Category: Non-fiction, history, politics


When I first heard about the Spy Chronicles, my first reaction was, “That’s not possible! A book like this couldn’t possibly exist.” The idea that two ex-chiefs of the RAW and the ISI had gotten together and co-authored a book about the relationship between India and Pakistan seemed impossible. For people who don’t know about the rivalry between these two agencies, it is somewhat comparable to a book being written by a collaboration between the CIA and the KGB during the Cold War.

As it turns out, not only does the book exist but it’s also pretty informative. The fact that Aditya Sinha managed to get ex-heads from both agencies is what sets this book apart.

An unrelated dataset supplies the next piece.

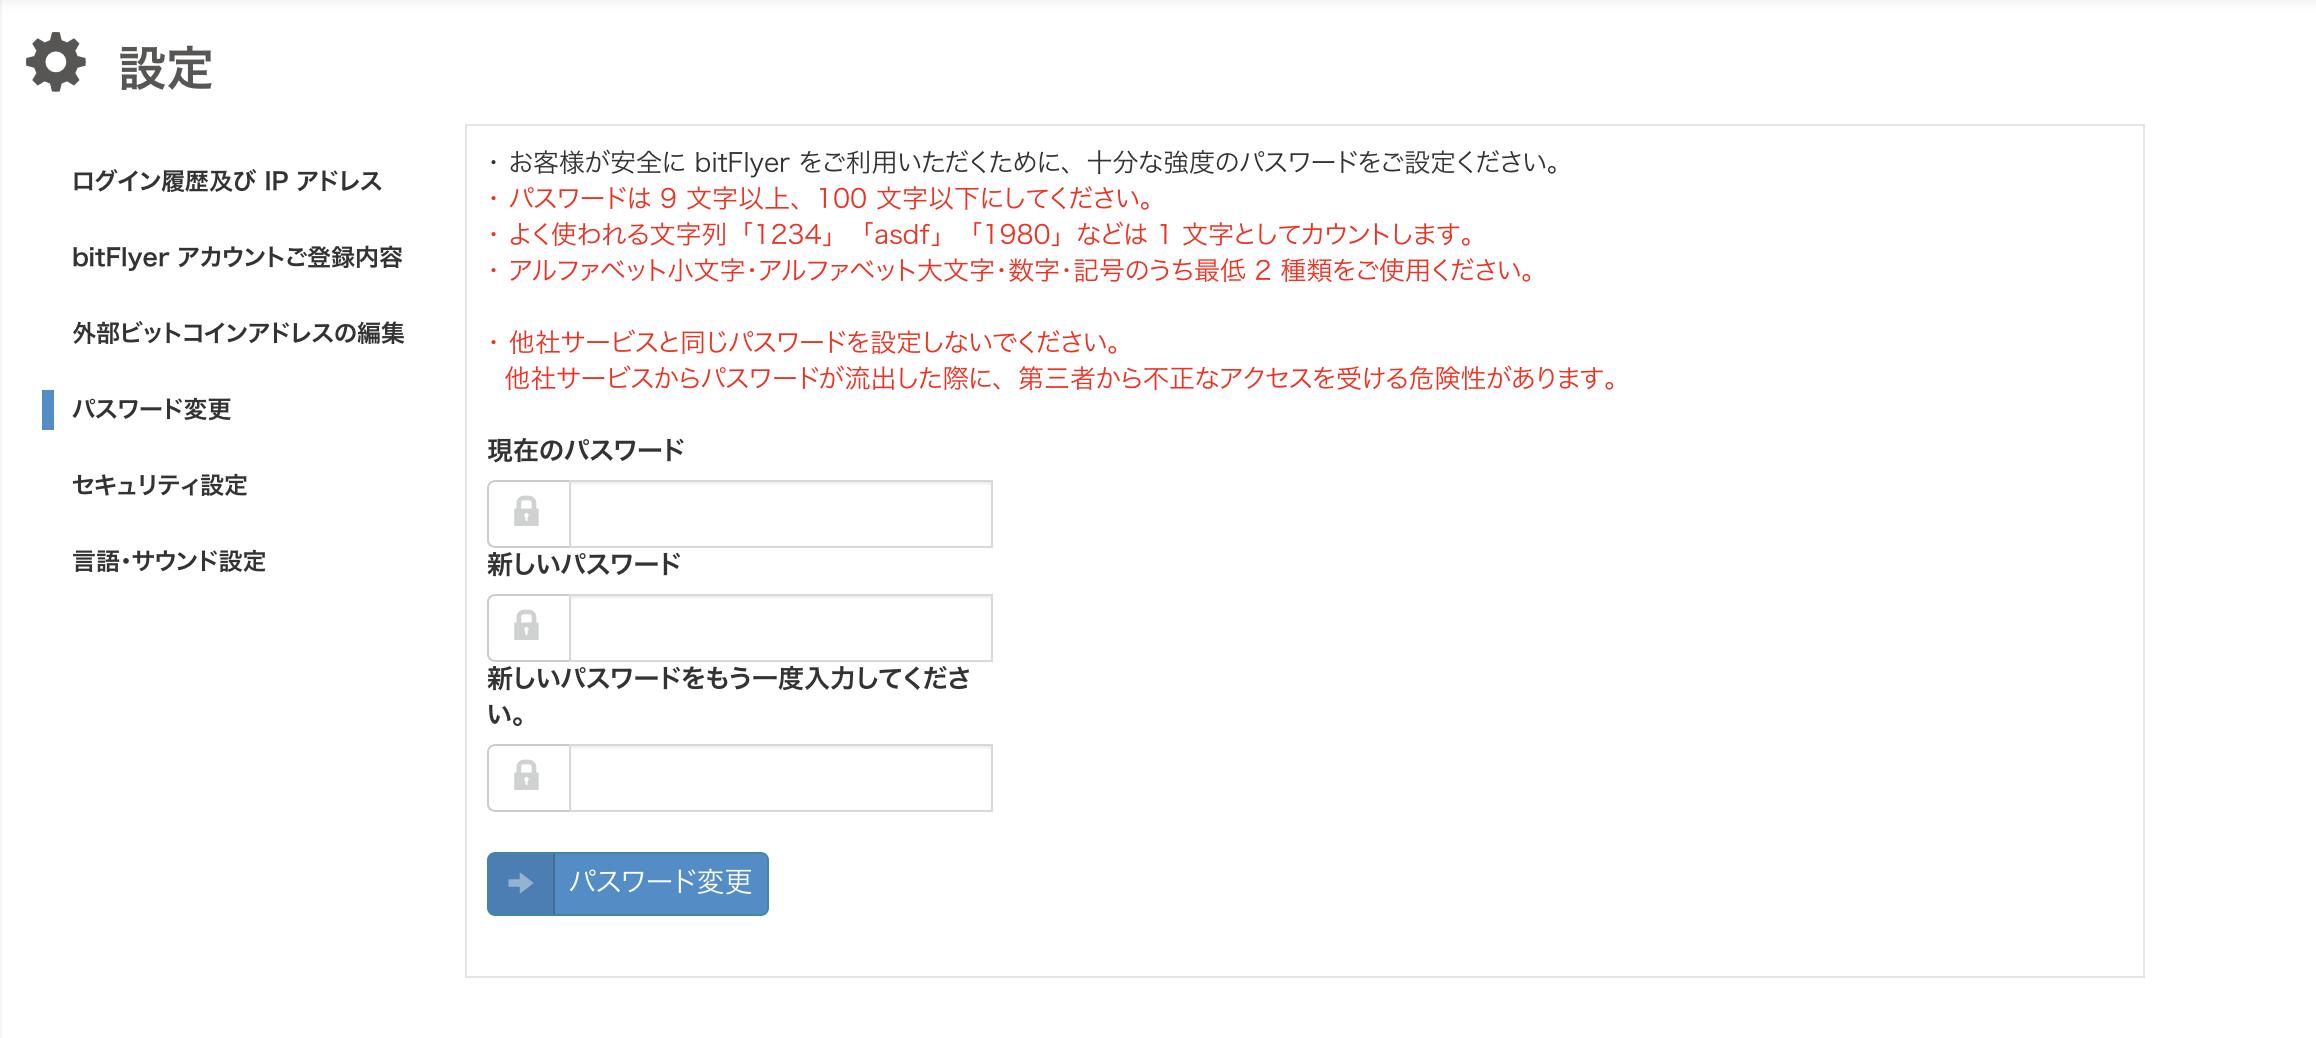 パスワード変更の画面

Sometimes, in a conflict, it is necessary to look at the issue from both viewpoints, and the Spy Chronicles does exactly this. The entire book is divided into chapters, where each chapter is in the form of a dialogue between these two men.

If you’re someone like me, you’ll probably be disappointed in the beginning. Nowhere in the book have either of the spymasters revealed any confidential or classified information. But then again, why would they? The book covers a vast range of topics from the beginning of the Kashmir problem to recent events like the surgical strikes. Both the men put forward their views and try to be as frank as possible. Well, as frank as you could expect two spymasters to be. They provide an insider’s view on a lot of issues, and this makes for a pretty interesting read.

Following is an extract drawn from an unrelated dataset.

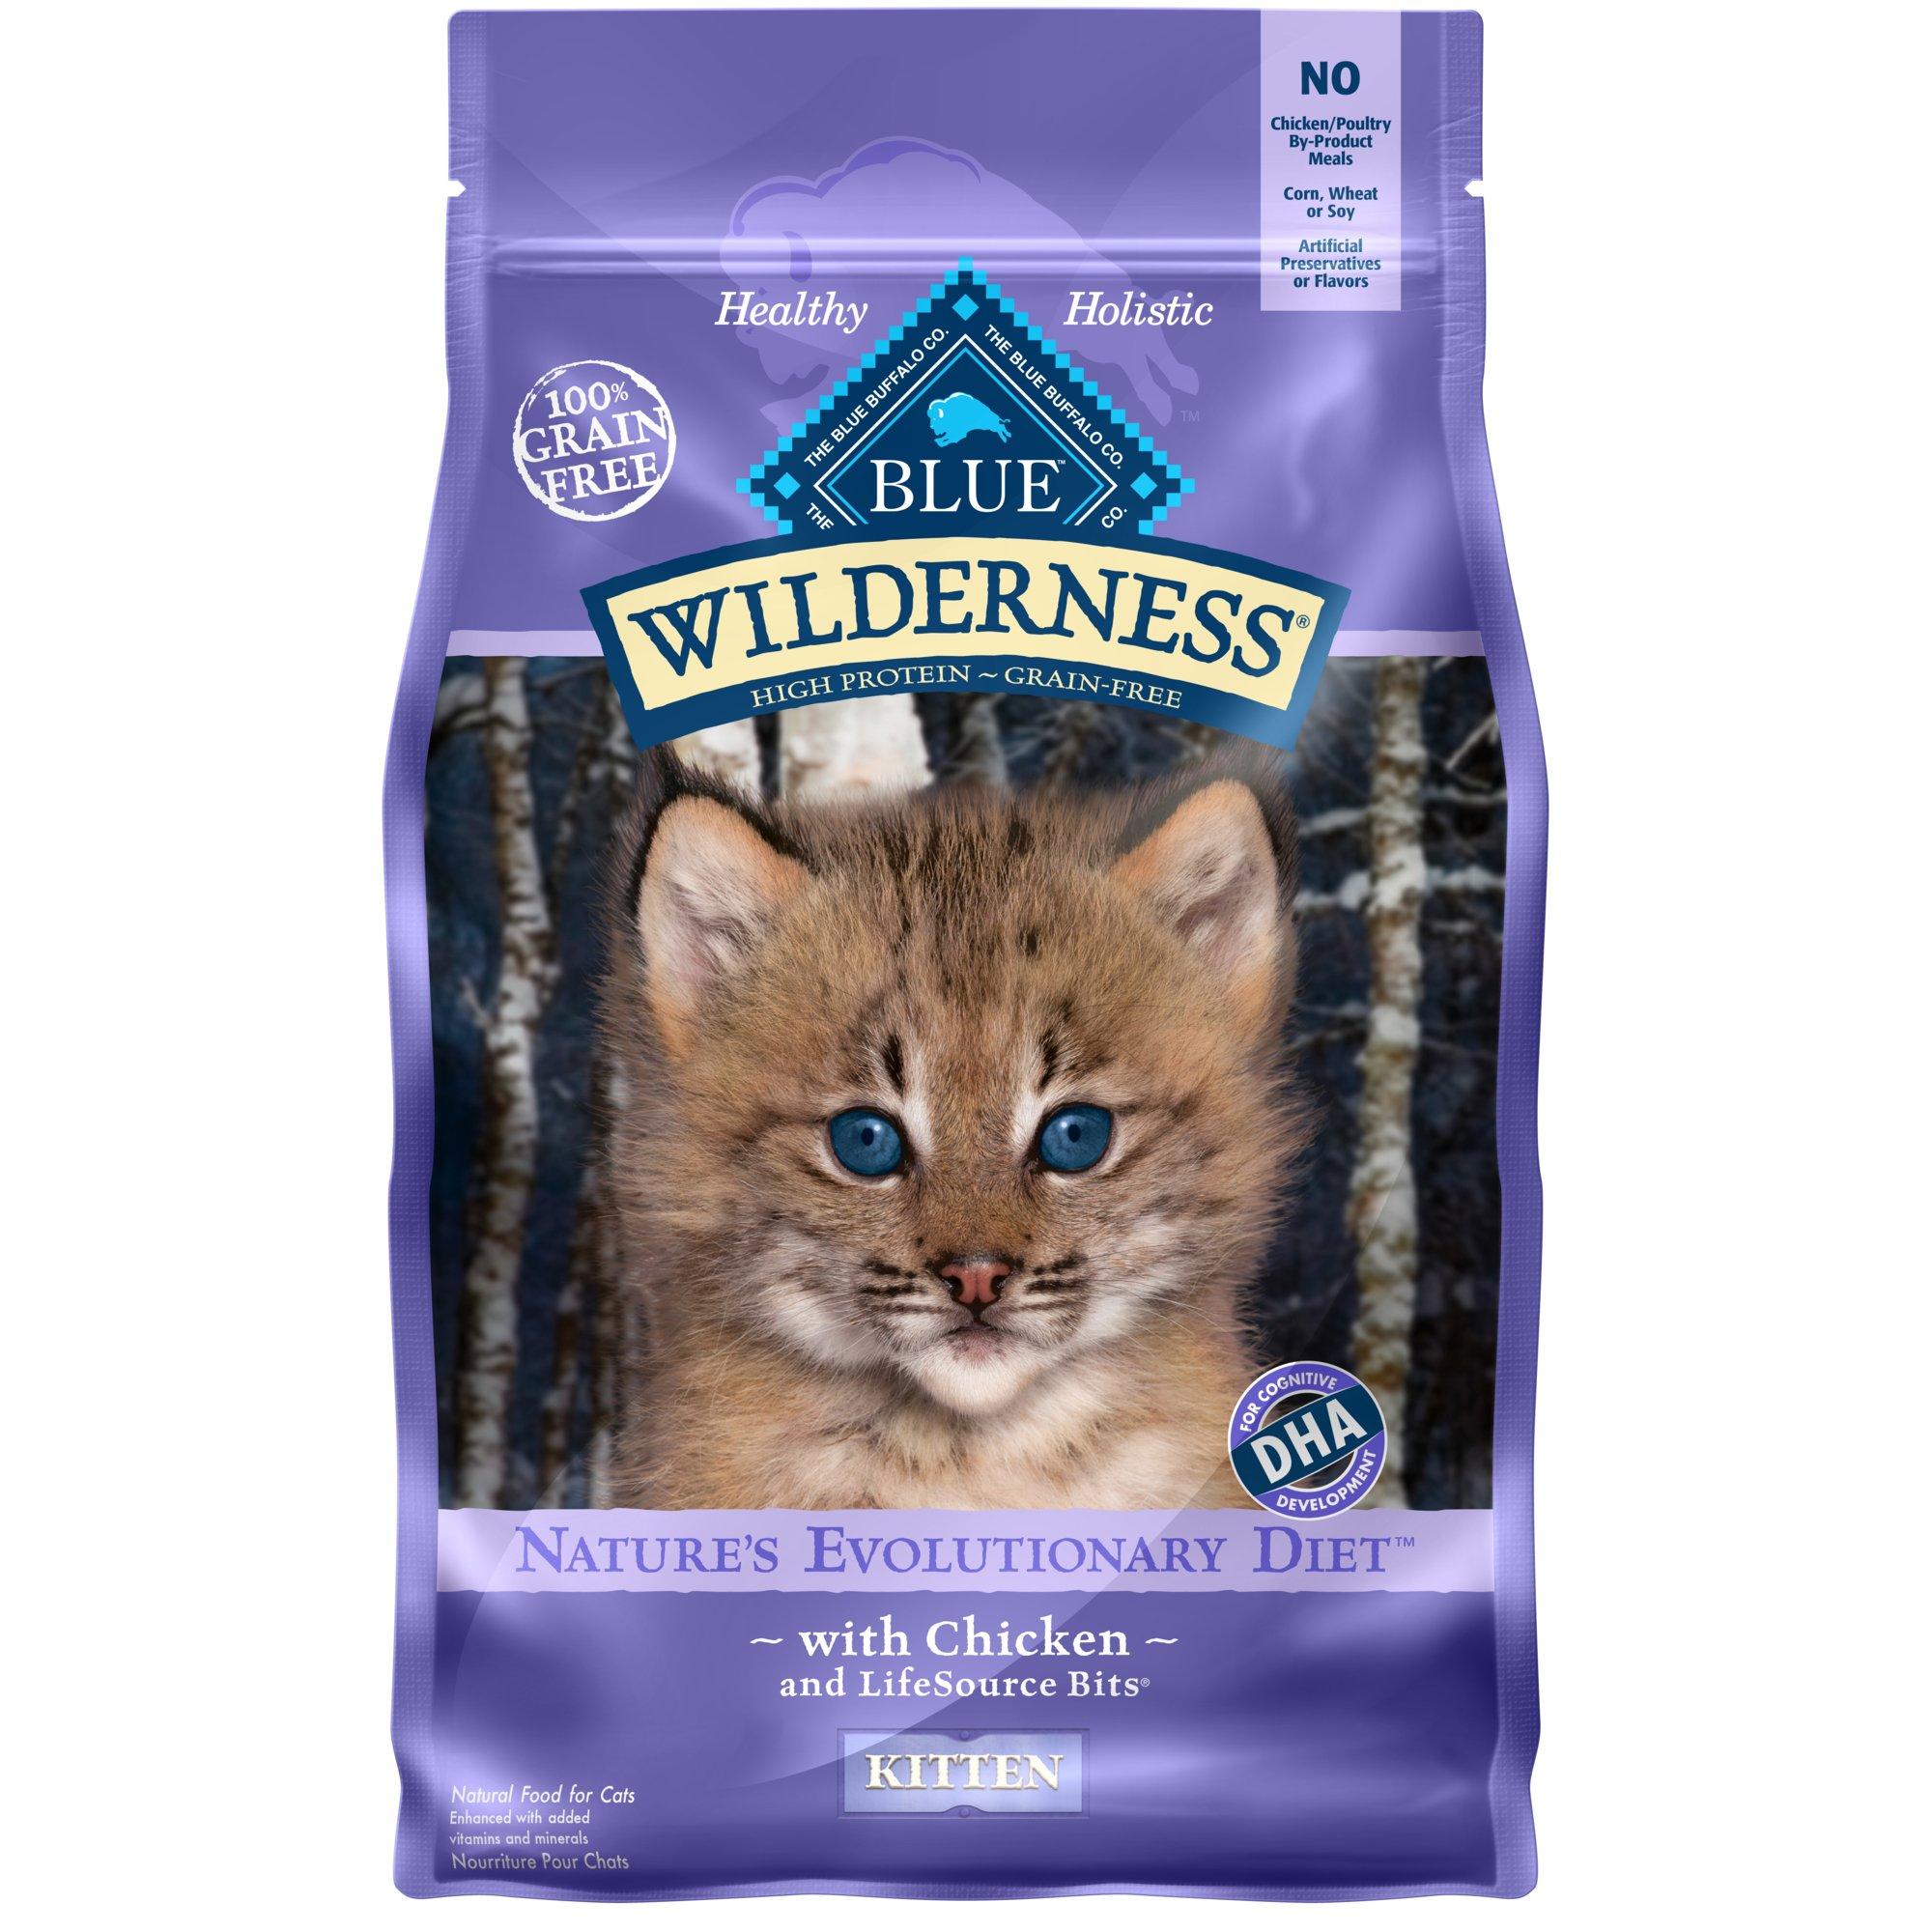 Blue Buffalo Wilderness Grain-Free Kitten Food

The India-Pakistan relationship has undergone numerous ups and downs in recent years. It was refreshing to see two cold analysists, sitting together, speaking about the dynamic based on pure facts. At certain points in the book, a noticeable feature was that whenever a topic came up which could cause embarrassment to one side, that person became extremely diplomatic. For example, when Asad Durrani was asked about the terrorist Hafiz Saeed and why the Pakistani government wasn’t taking action against him, he retreated behind a number of rhetorical questions and tried to sidestep the topic. A.S. Dulat didn’t press the issue. Both the men talked about “choreographed responses”, agreed that the enmity between the countries was promoted by their respective media and that politicians on both sides thrived on this animosity.

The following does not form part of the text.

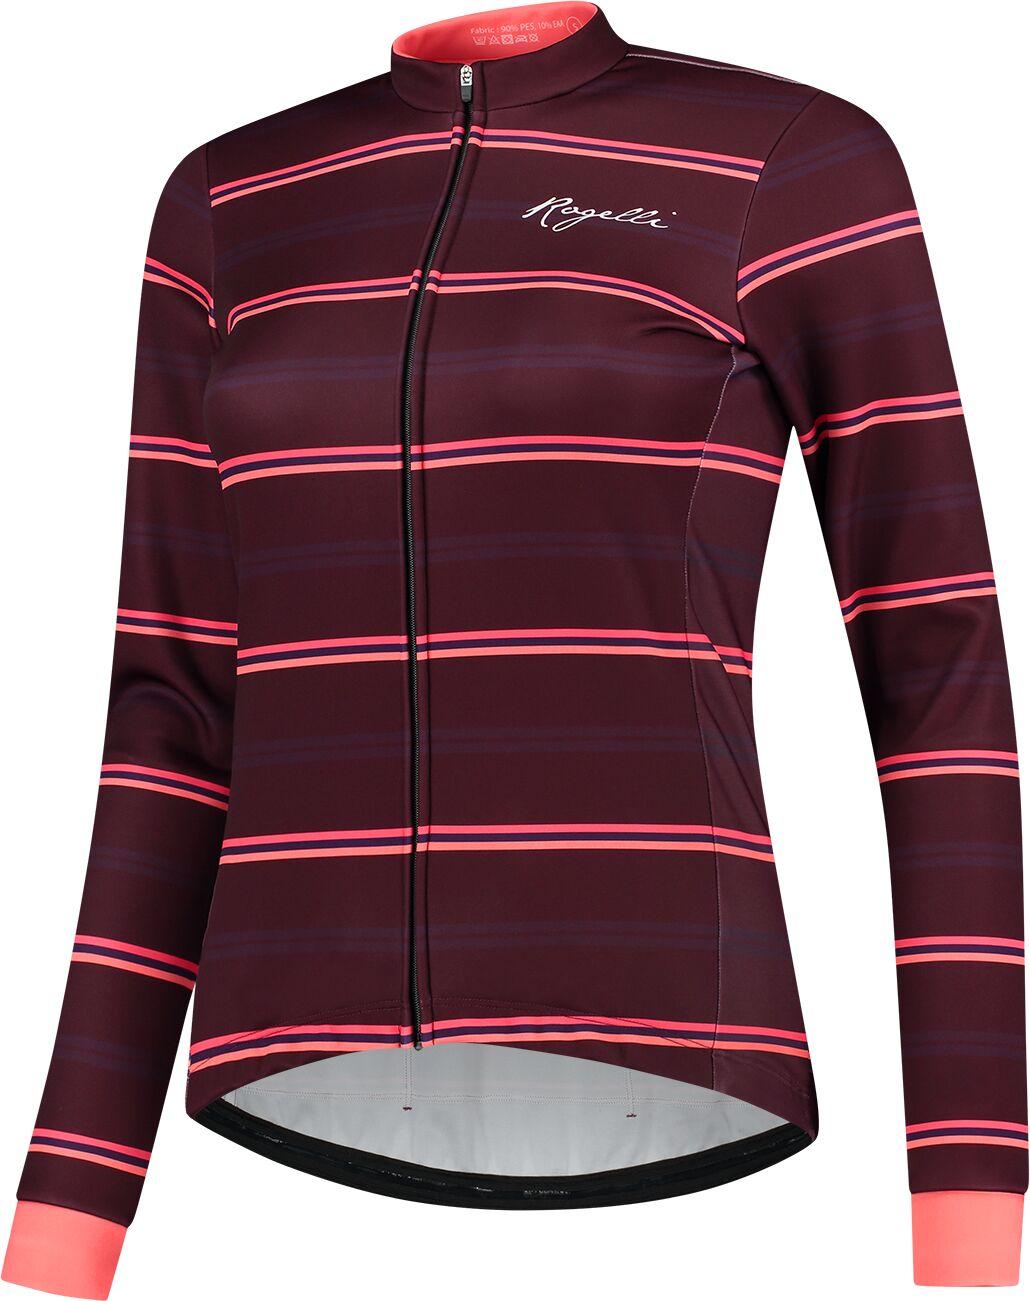 ROGELLI zimowa kurtka rowerowa damska STRIPE bordeaux/coral ROG351089 Rozmiar: XS,ROG351089.XS

The last few chapters of the book were dedicated to an idea of “Akhand Bharat” or undivided India, comprising of India, Pakistan, and Bangladesh. Both of the men presented ideas on how to bring this about, the potential problems and how it would benefit both sides ultimately. Frankly, I found this idea to be excessively optimistic. Both the viewpoints were based on the idea that if one side did the other a favor as a sign of goodwill, it would be reciprocated. However, this is highly improbable.

The book is fairly interesting to read. However, people who don’t know about the politics and history of the two countries will have a tough time keeping up. I’d give this book a 3.8/5 because the book does get a bit dull at certain points. Overall, it’s a pretty decent book and I’d recommend it to anyone who has an interest in world politics.